# dharma, will keep it updated



## smkymntn (Mar 5, 2014)

so im going to TRY and keep this post updated with pics of dharma instead of starting new threads, i suck at posting pics but ill do better


----------



## smkymntn (Mar 5, 2014)

she like to sit and sleep in my laundry basket lol. she has gotten tall i will try and get a good pic of her standing up so you can see


----------



## ~StangChick~ (Jan 1, 2009)

She is cute!!!


----------



## ThaLadyPit (Oct 12, 2008)

She's definitely getting big! She's a cutie. Thanks for sharing.
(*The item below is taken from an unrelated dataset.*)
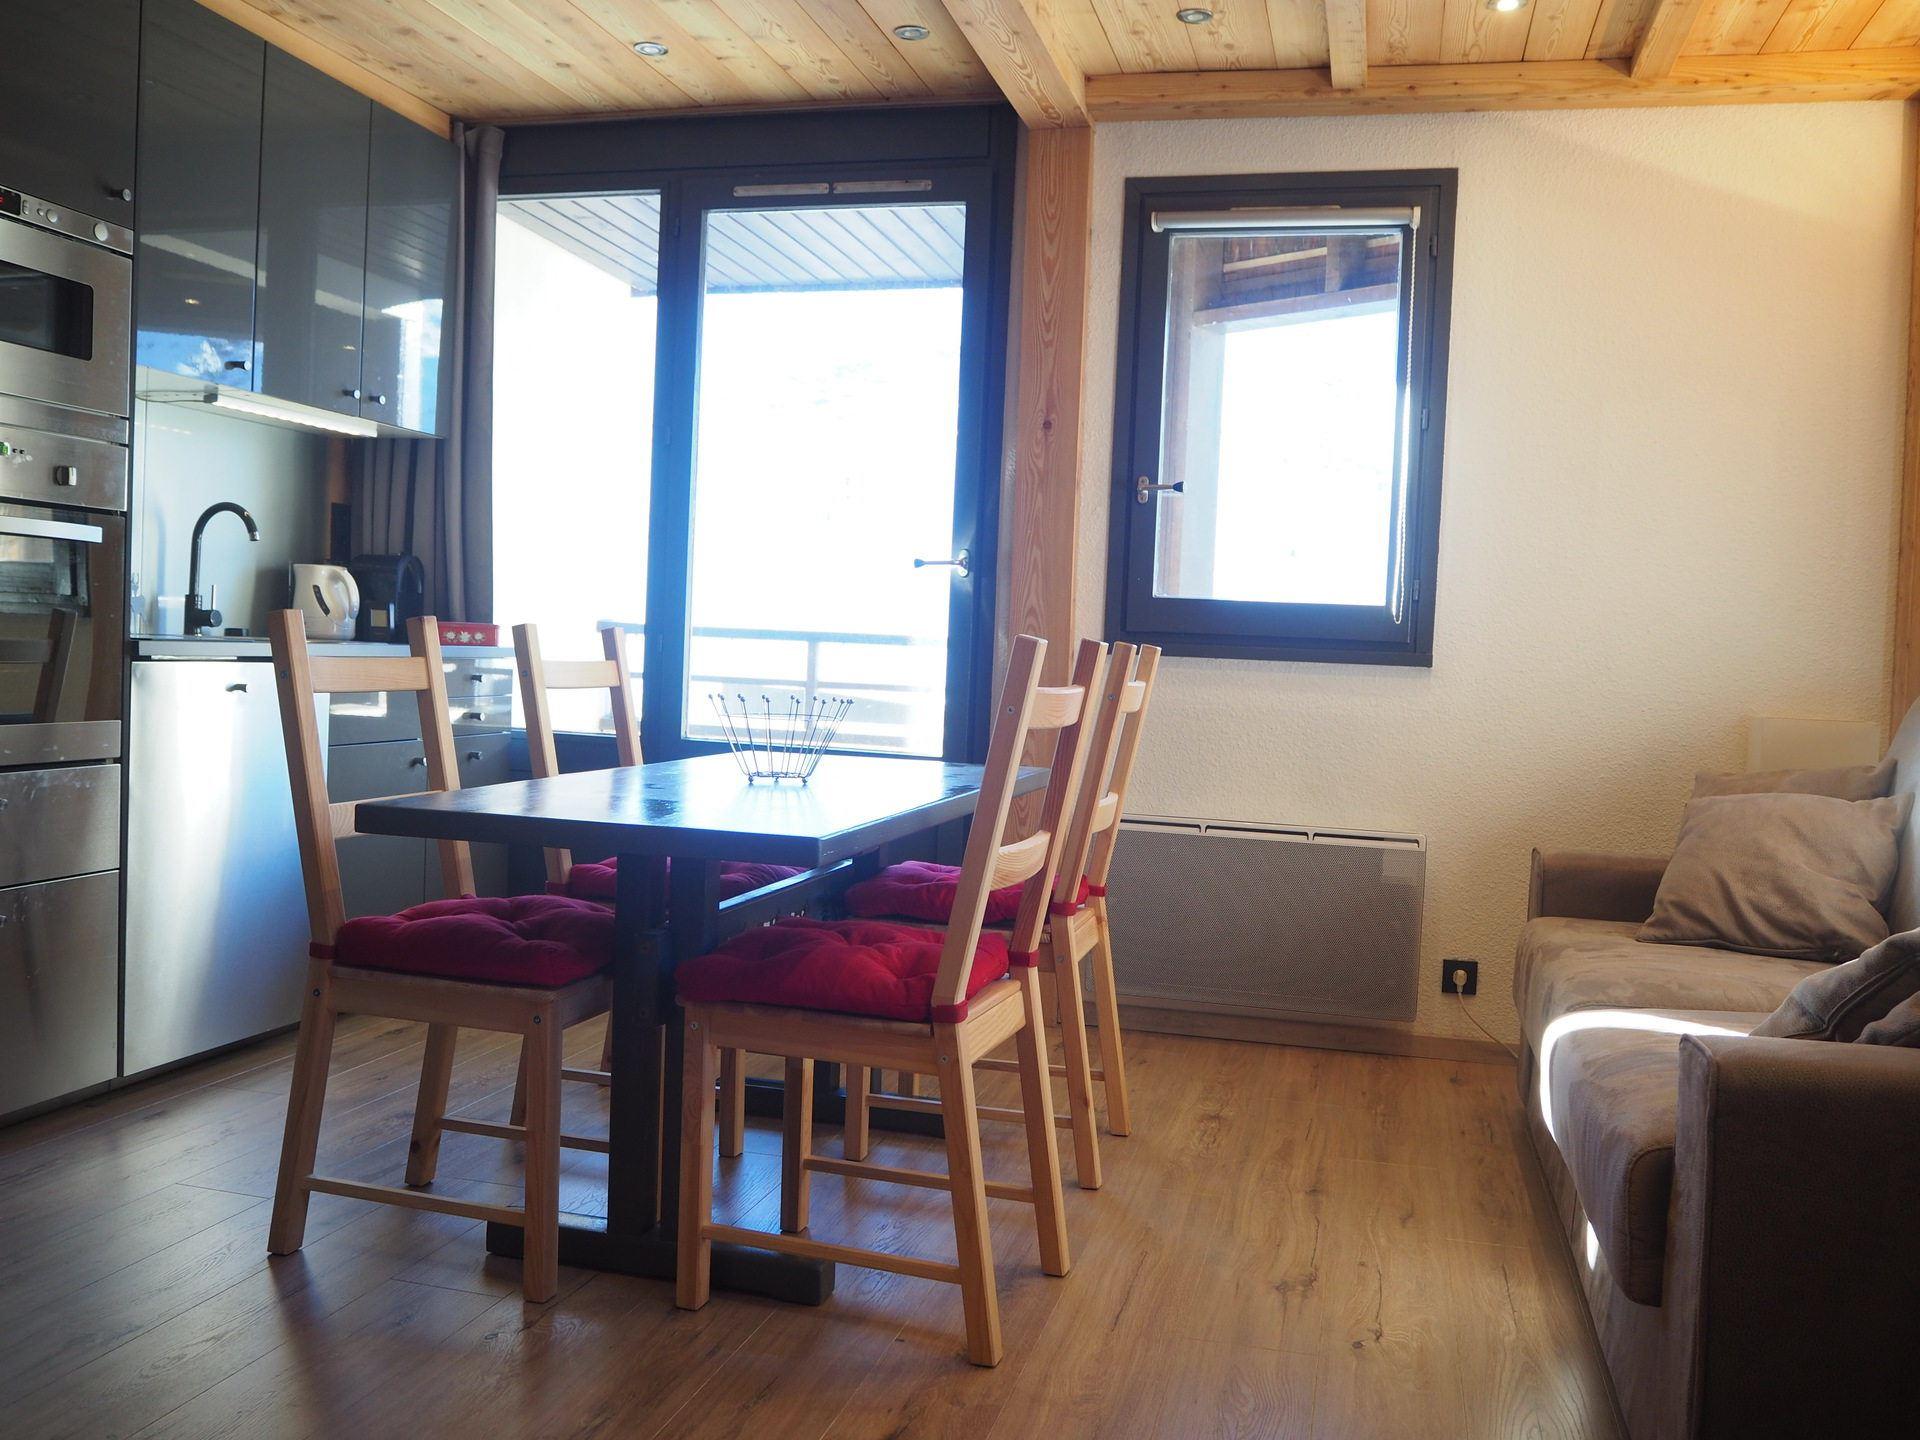 4 Pers Studio ski-in ski-out / GENTIANES 412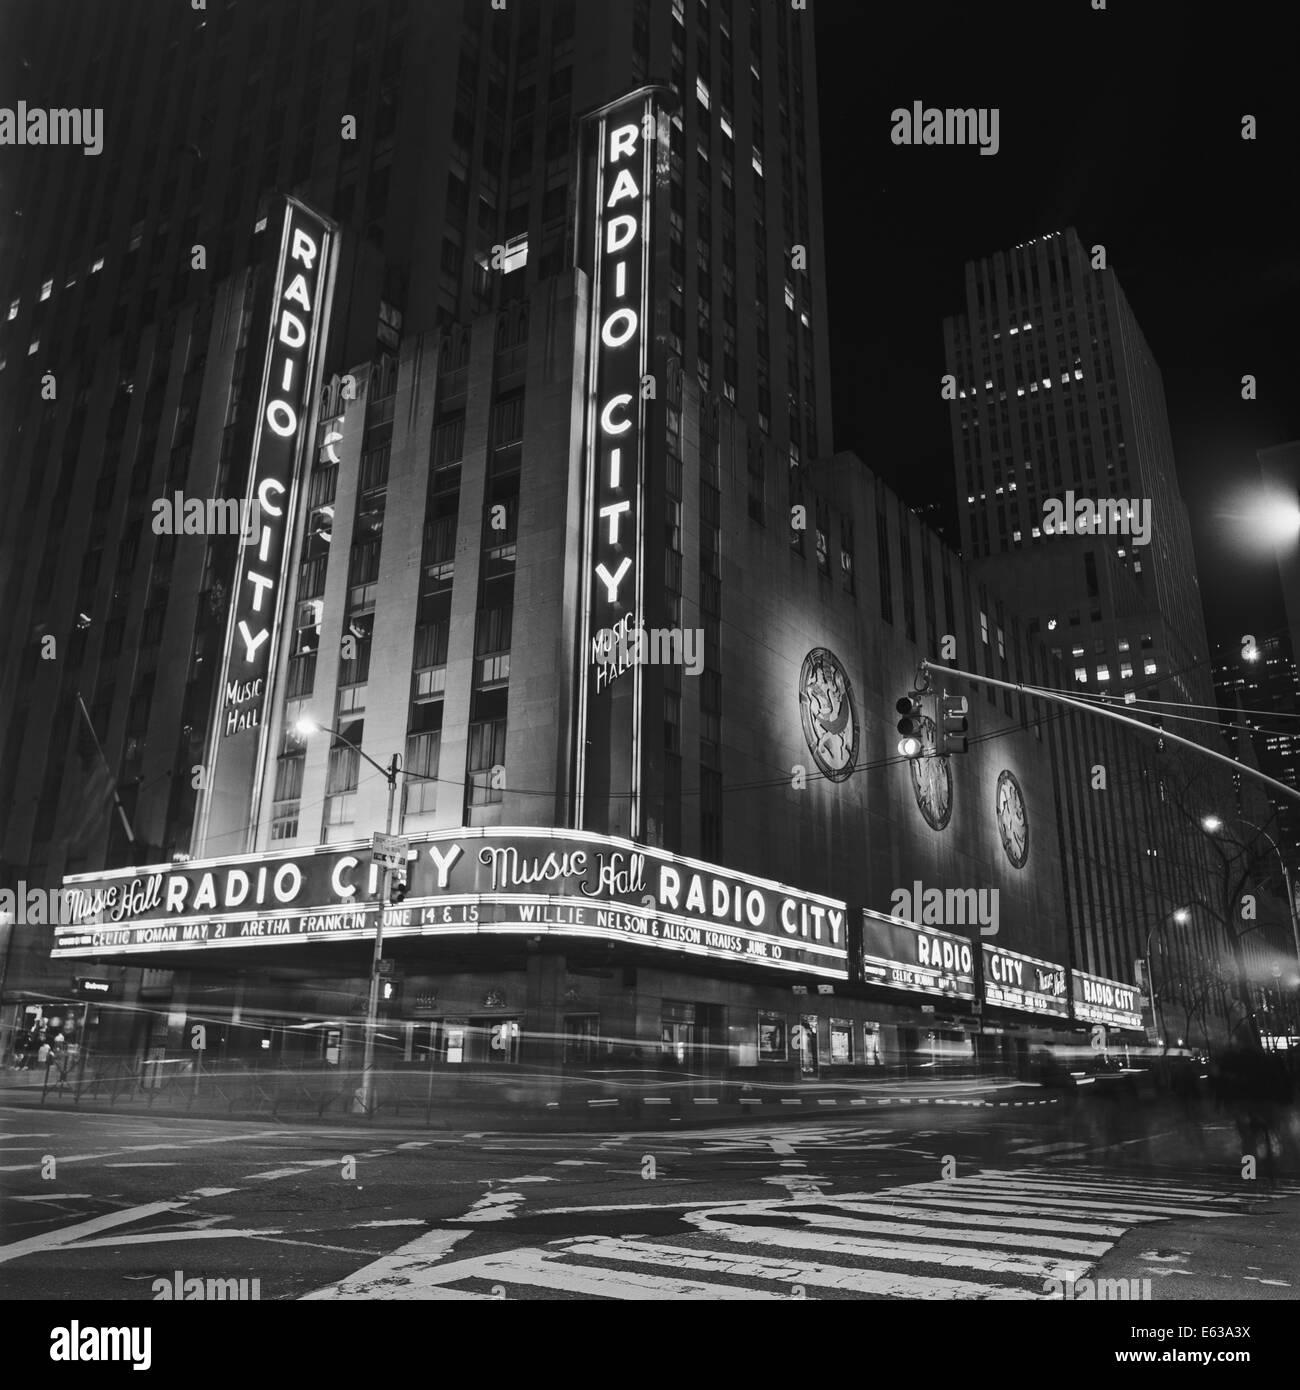 Radio City Music Hall by Night - Stock Image

Mobile.....at the moment....on petguide.com app


----------



## jttar (Jan 31, 2013)

I'm kinda partial to the brindles. Thanks for the picture of Dharma. She's a looker.

Joe


----------



## ThaLadyPit (Oct 12, 2008)

I'm with Joe. I got a major soft spot for brindles since my heart dog was a black brindle. That and im just a sucker for a dark coated dog, even though my current dogs don't match my color preference lol.

Sent from Petguide.com Free App


----------



## smkymntn (Mar 5, 2014)

this is dharma at the vet today, she wieghed 22.5 pounds, at 6 months old. she had to be held in my arms on her back, like a baby, when we were waiting for urine sample, she fell asleep, she is a big baby lol


----------



## smkymntn (Mar 5, 2014)

i never really cared for brindles before i got her, and still really dont to be honest, except her she is sooo freaking cute


----------



## ::::COACH:::: (Apr 4, 2012)

I loooooove brindles!!  lol!! She is a cute girl


----------



## ames (Jun 6, 2010)

hahaha that laundry basket pictures is a riot, Mel does that in the winter cause they are warm from the dryer. Punk! lol

She is beautiful hope things went OK at the vet.


----------



## smkymntn (Mar 5, 2014)

She is rather small. And will stay rather small. She is mixed with some kind of small dog. But she is such a cuddler. I'm not even sure she has even a little pitbull in her but I don't care. She is my baby.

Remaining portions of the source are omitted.